Look at some statistics from the most entrepreneurial country – the US. One out of every 12 person starts a new business; 7 out of 10 students want to build their own businesses when they grow up. More than 50% of new jobs are generated by new entrepreneurships. I am not sure of the data in India; but I guess it is getting interesting.

To be an entrepreneur, it takes guts, creativity and innovation and an ability to survive in chaotic uncertainty. Indians seem to be beginning to do rather well as entrepreneurs. On a lighter vein, a Singaporean friend of mine said – “No wonder Indians can make great entrepreneurs. Life itself is so enterprising here. There is so much chaos and still you function. All your faculties have to be very alert.” Take just crossing the road in India. The text book way says look to your right and then to your left and when you see a lull in traffic, cross carefully. In India, in most roads it is not that simple. The traffic never comes down. You look at your right and look very quickly to your left (You may find a scooterist dashing down at high speed from the wrong way) and when the traffic offers you a few milliseconds, just dart across. And don’t forget to look right and left alternately extremely fast. The fast dashing car, scooter, cyclist, phenomenon could occur any time from any direction. And if you are lucky and made one third of the road, just take a quick look, for the next one third may be a far more difficult one. While crossing, you may have to make real-time computations and determine the odds of going forward or backward. You may have to dart back and start all over again. And while looking left and right on the journey, don’t forget to take a quick look ahead, there may be some other soul trying to cross the opposite direction looking right and left and come dashing at you. And it may be a good idea to look up for some falling debris from the windows above. Also, don’t forget to look down for craters in the middle of the road. If you succeed in your venture of crossing the road, thank your luck and set forth on the next journey. With simple things like crossing the road needing so much enterprise, no wonder Indians are turning out to be good entrepreneurs. Winston Churchill aptly described India as a “functioning chaos” and if you could successfully function in that chaos, your entrepreneurial spirit gets kindled so well. I pity the Singaporeans, crossing the road there is so very easy. Everything happens so very predictably.
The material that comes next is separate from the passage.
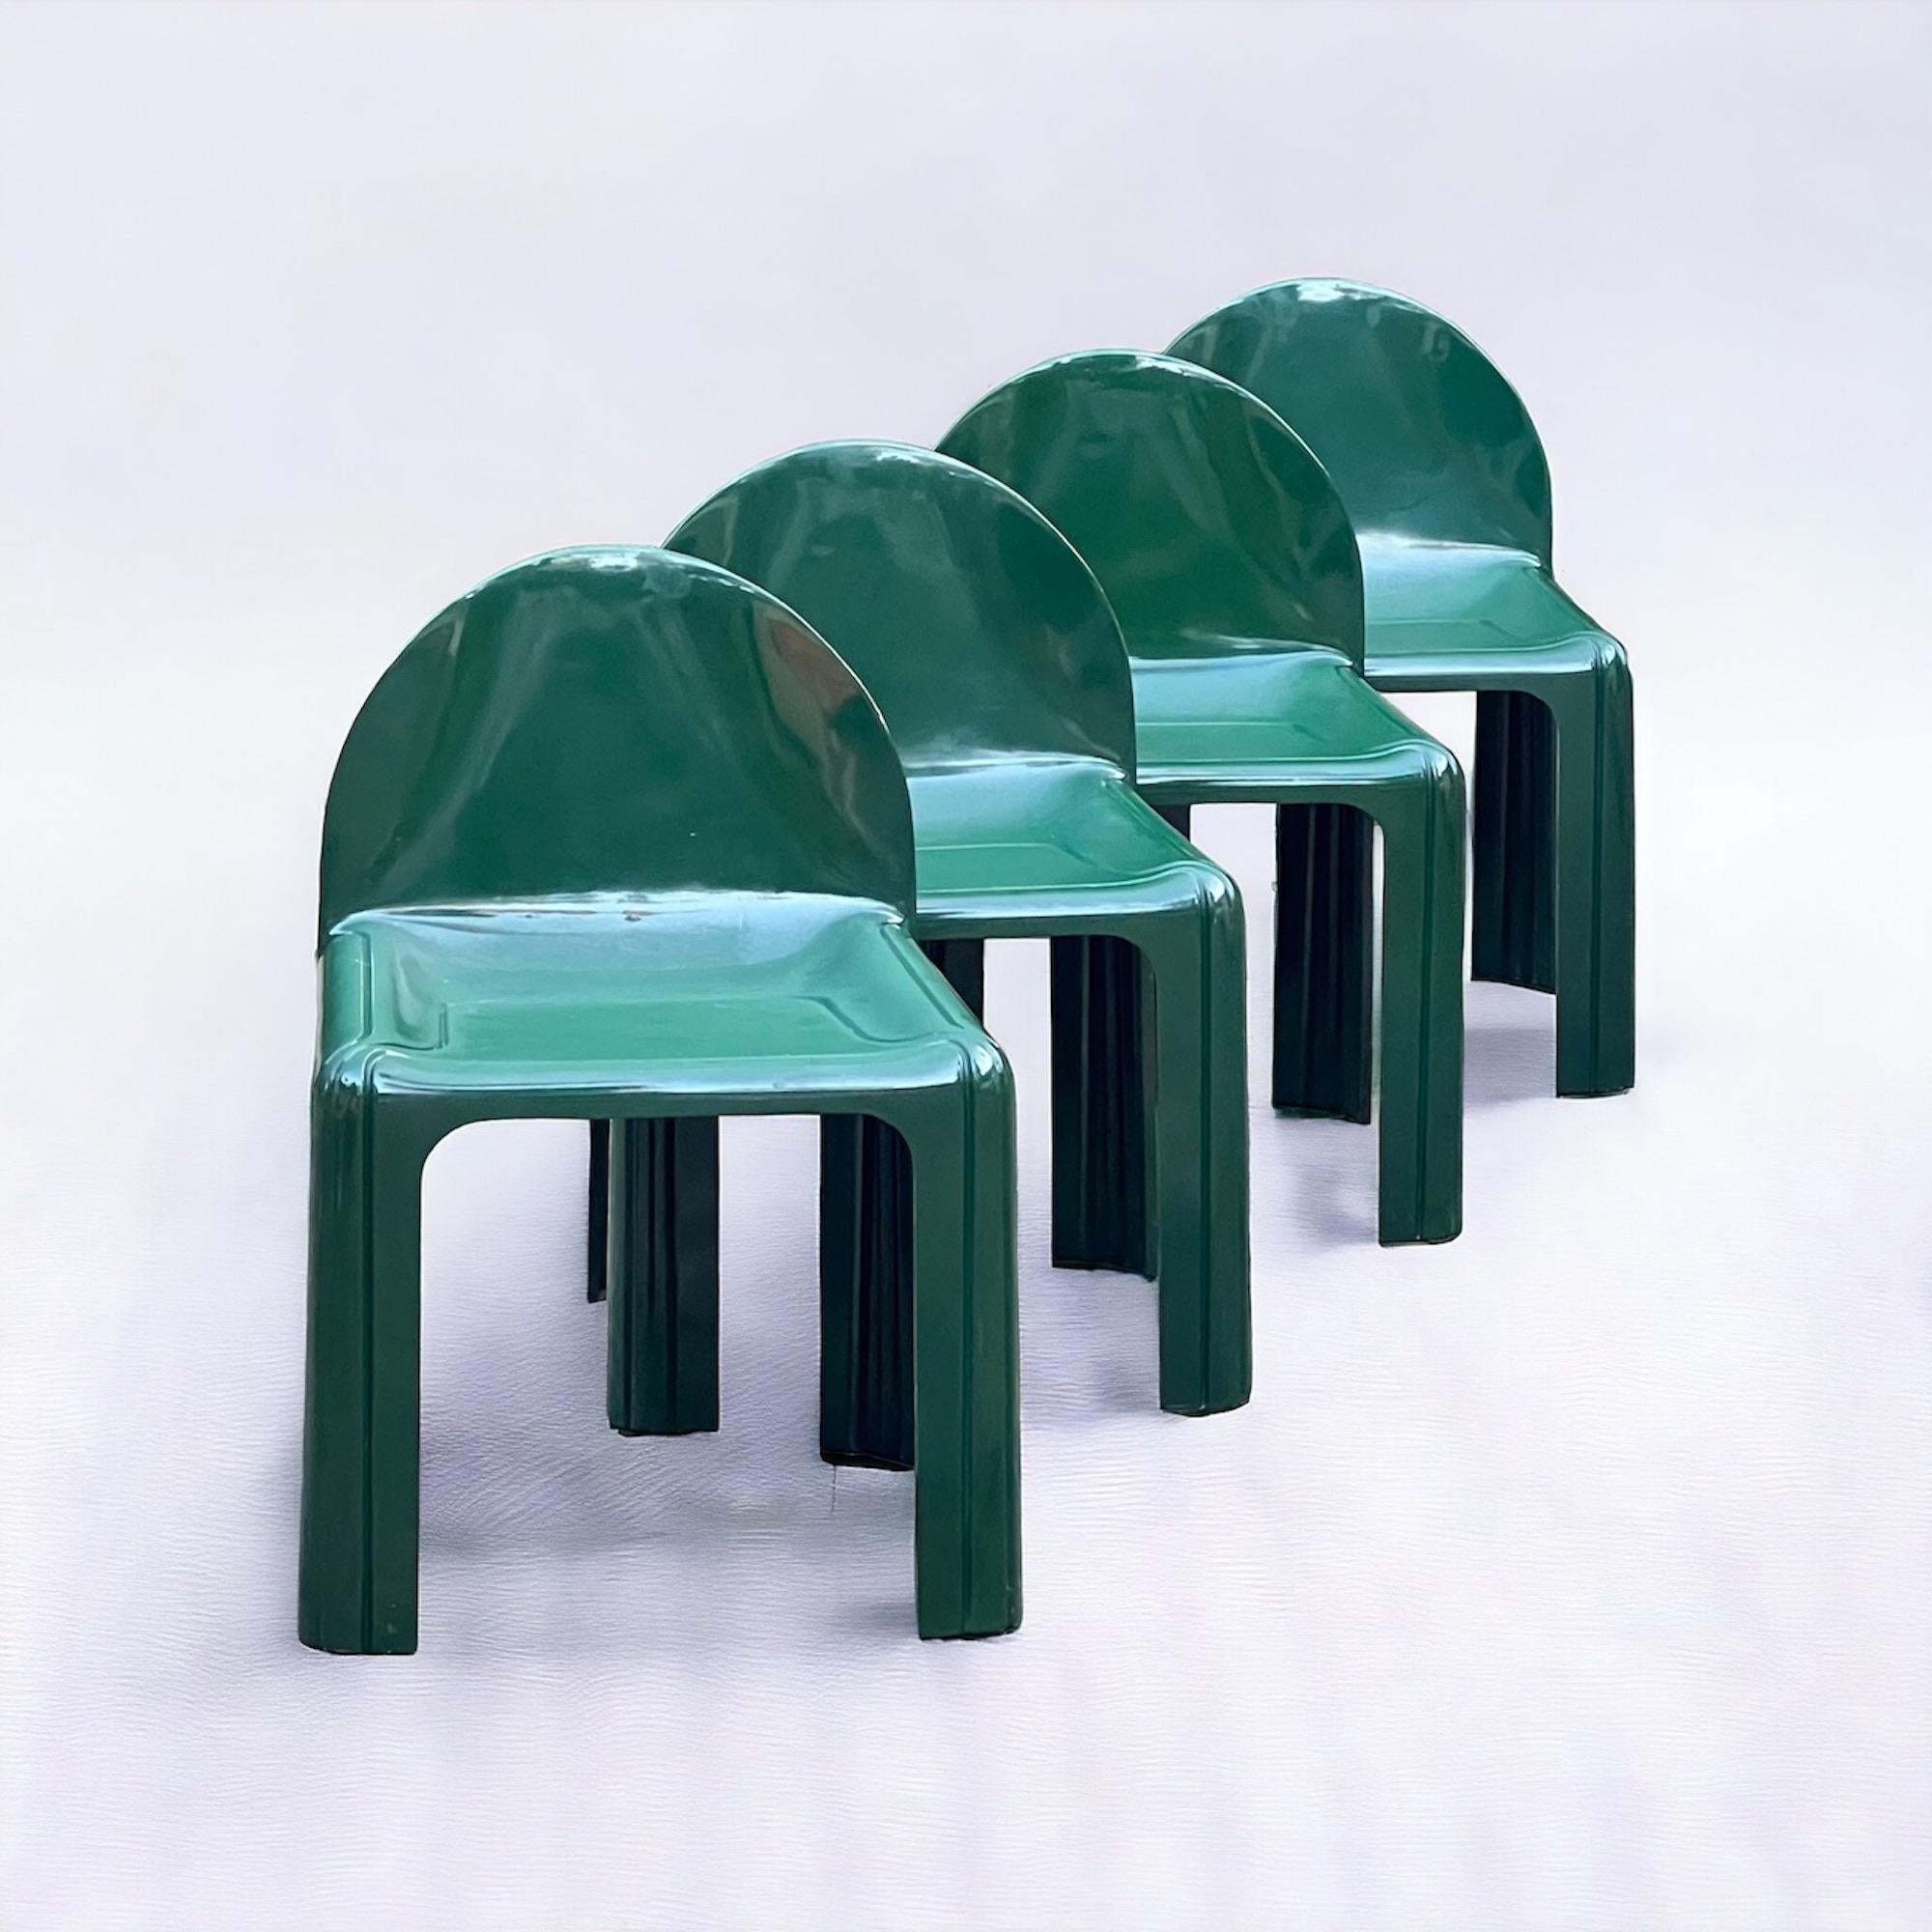 Mid-20th Century Kartell Model 4854 Chairs by Gae Aulenti, 1960s - Set of 4 - Emerald Green Resin For Sale

The opportunities are huge in India. I end this posting with an example:

About three years back, on a Friday afternoon in one of India’s biggest steel plants, a senior executive found the neighborhood of his building required some good cleaning. He asked one of his junior colleagues to find a contractor and get his plant area cleaned up over the week end. The younger executive thought about it. He called half a dozen young men from his village – poor agriculture laborers who were pestering him for a job. He ensured that the team was well organized, made a clear work plan and a simple but effective process to ensure a good execution. When the senior executive returned after the weekend, he couldn’t believe his eyes. He simply asked his junior to hire whichever agency he used for the whole plant. To cut a long story short, the young executive today runs a company of his own with revenue touching $ 20 Million and growing fast. If you visit his core team you will find them as savvy as the core team of Infosys, the most admired Indian tech company. What they specialize is just “Jadu Pochcha !” Ie. The “bucket and broom”. But he does it damn well and is very successful. He does it for all top industries, and utilities. The moral of the story is: We are just waking up. A lot of things need to be done. Every problem is an entrepreneurial opportunity. Some of them huge! There are opportunities galore waiting to be tapped. That is what makes India so exciting today.
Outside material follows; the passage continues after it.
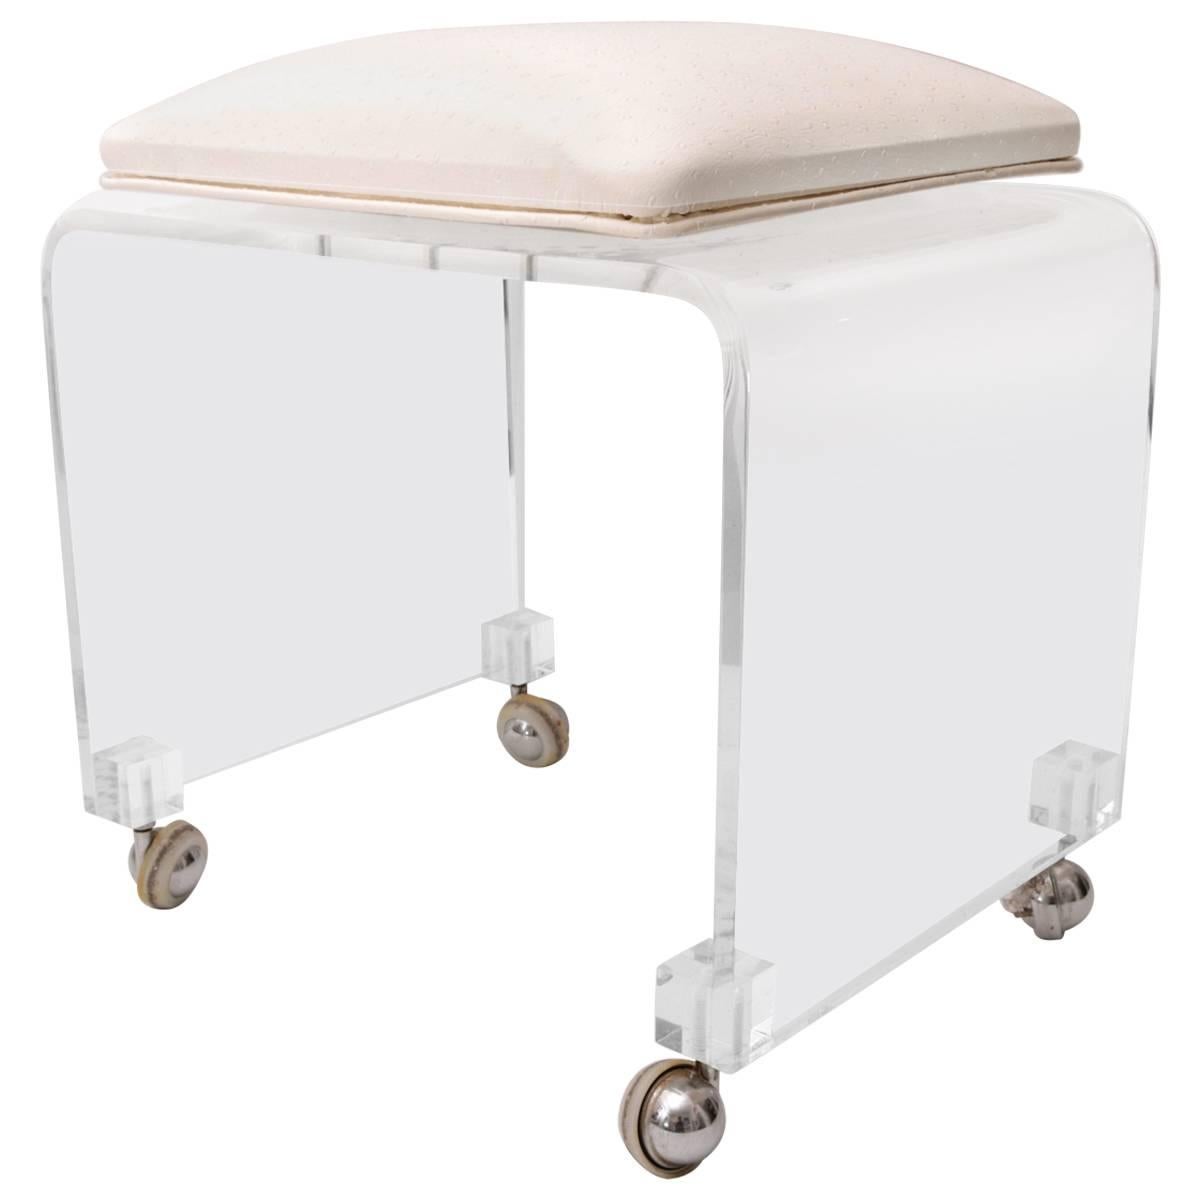 Lucite Vanity Stool, Swivel Seat Upholstered in Ostrich Pattern Fabric

And it is just beginning. We are only 14 years old as an entrepreneurial country today. It all started with 1992 with the liberalization of the economy. Prior to that we were a semi socialist economy. Entrepreneurs were bad boys then. Not any more. We just poosted a 9% plus growth last quarter. Economically, this is probbably one of the best times for India over the past 300 years. It is one of the greatest of times to live in India. Potential entrepreneurs must grab the opportunity with both hands, and build wealth for the country and for themselves.